Ski halfpipe is een nieuw soort freestyle discipline die zijn debuut maakte op de Olympische Spelen in Sochi.
Freestyle wordt beschouwd als een relatief jonge wintersport. Het werd voor het eerst opgenomen in het programma van de Olympische Winterspelen in 1988. In Rusland winnen deze competities alleen maar aan kracht, terwijl Canadese en Amerikaanse atleten al actief medailles winnen. In 2014 omvatten de Olympische freestyle-competities 5 soorten disciplines, waaronder twee nieuwe: ski halfpipe en ski slopestyle.
Wat is een ski-halfpipe?
De naam van deze discipline uit het Engels vertaalt zich letterlijk als "halfpipe" of "halfpipe" (halfpipe). Het is gewoon dat atleten hun trucs uitvoeren op freestyle ski's op de helling, die een U-vormige kom is. Daarin begint de atleet van de ene muur naar de andere te gaan, waardoor hij snelheid en hoogte ontwikkelt. Het is vermeldenswaard dat deze sport niet voor beginnende freestylers is, omdat je hier op bijna elke beweging trucs moet uitvoeren.

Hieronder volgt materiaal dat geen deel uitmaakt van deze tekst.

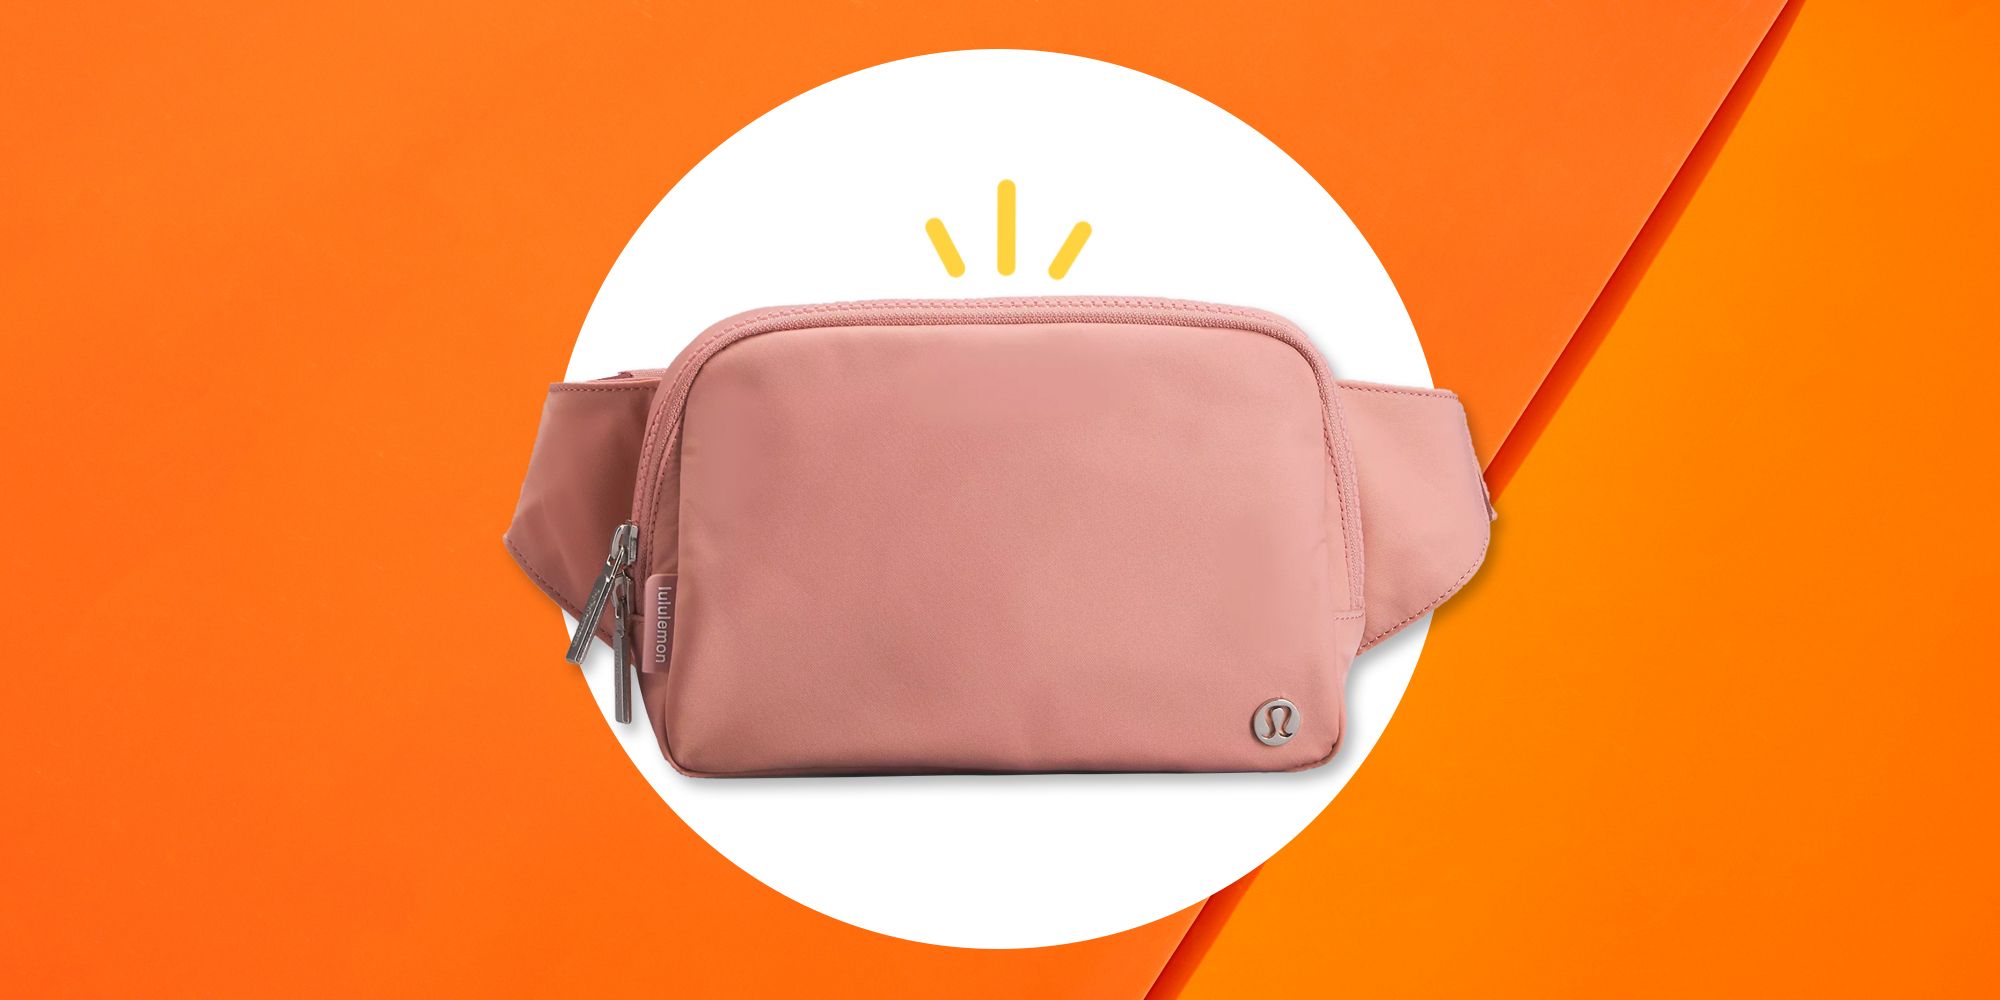 The lululemon Everywhere Belt Bag is restocked with new colors

Tijdens de wedstrijd komt elke deelnemer twee keer naar buiten om zijn programma te laten zien, dat wil zeggen, hij heeft 2 pogingen voor een succesvolle verhuur. Elk van de pogingen wordt beoordeeld door juryleden die rekening houden met bepaalde trucs en punten geven. De som van de punten van beide pogingen wordt opgeteld en de atleet die het maximale aantal punten scoort, wint.
De volgende soorten trucs worden geëvalueerd in de ski halfpipe:
- ruggen: hoeveel omwentelingen de atleet om zijn as maakt terwijl hij in de lucht is;
- maalt: hoe soepel en zacht de atleet langs de reling glijdt;
- flips: hoe netjes springt de atleet, terwijl hij met de ene ski moet afzetten en op de andere moet landen;
- grijpers: hoe lang de atleet in staat zal zijn om de positie vast te houden met de gevangen ski's in de lucht voordat hij landt.